Die Herren glaubten sich auf's Land versetzt. Der Weg zog sich mitten durch Gärten hin, deren Umfriedungsmauern er mit sich genommen. Große Büsche knospenden Flieders waren zu sehen; das Laub der Bäume zeigte ein zartes Grün. Jeder dieser Gärten bildete ein lauschiges Ganzes für sich allein und in jedem derselben konnte man kleine, halbverborgene Häuser sehen, die bald an einen italienischen Pavillon, bald an einen griechischen Tempel erinnerten. Moos bedeckte die Gipssäulen, während Unkraut den Kalk von den Giebeln löste. »Dies sind kleine Häuschen,« bemerkte der Arzt und zwinkerte mit den Augen.

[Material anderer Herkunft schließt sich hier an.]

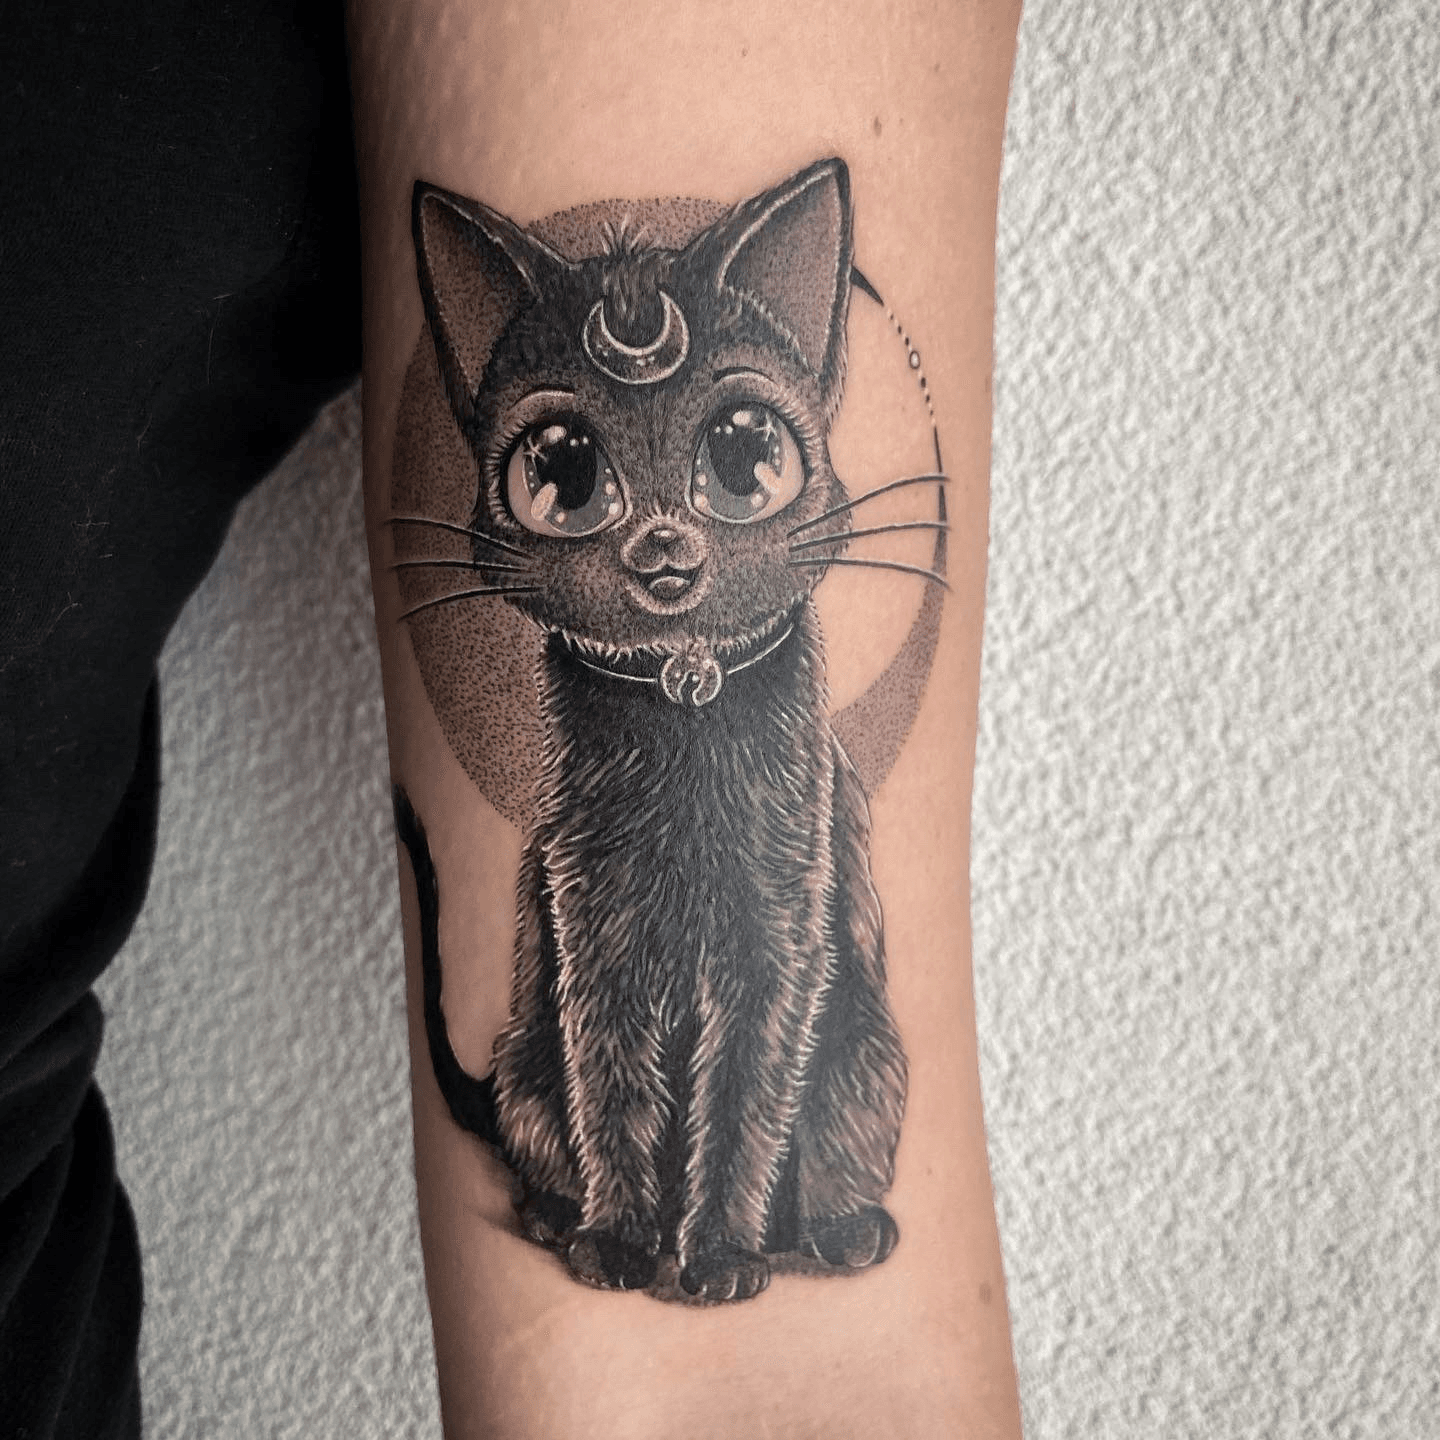 Luna sailor moon tattoo by tattoosuzette on DeviantArt

Und als er sah, daß ihn die Herren nicht verstanden, erklärte er ihnen, daß die Marquis und Herzoge unter Ludwig XV. für ihre Liebesabenteuer sich lauschige Schlupfwinkel erbaut hatten. Das war damals Mode. Dann fuhr er fort:

»Man nannte das » kleine Häuschen« und in diesem Viertel gab es eine Menge derselben ... Es trugen sich daselbst mitunter ganz merkwürdige Dinge zu!«

Die Herren von der Kommission waren sehr aufmerksam geworden. Die Augen der beiden Industriellen glänzten und lächelnd, mit lebhaftem Interesse betrachteten sie die Gärten, diese Pavillons, für die sie vor den Erklärungen ihres Kollegen keinen Blick gehabt. Eine Grotte, die sie in einem Garten entdeckten, hielt ihre Aufmerksamkeit besonders lange gefesselt. Als der Arzt aber beim Anblick eines Gebäudes, an dessen Abtragung bereits gearbeitet wurde, behauptete, er erkenne das kleine Häuschen des von seinen Orgien her wohlbekannten Grafen von Savigny, verließ die ganze Kommission den Boulevard, um die Ruine zu besichtigen. Sie erkletterten die Schutthaufen, drangen durch die Fenster in die Räume des Erdgeschosses und da die Arbeiter eben bei ihrem Frühstück waren, so konnten die Herren nach Belieben daselbst verweilen. Sie blieben da eine volle halbe Stunde, betrachteten die Rosetten des Plafonds, die Malereien an den Wänden, die Schnitzereien an den Thüren, während der Arzt das Ganze zu rekonstruiren suchte.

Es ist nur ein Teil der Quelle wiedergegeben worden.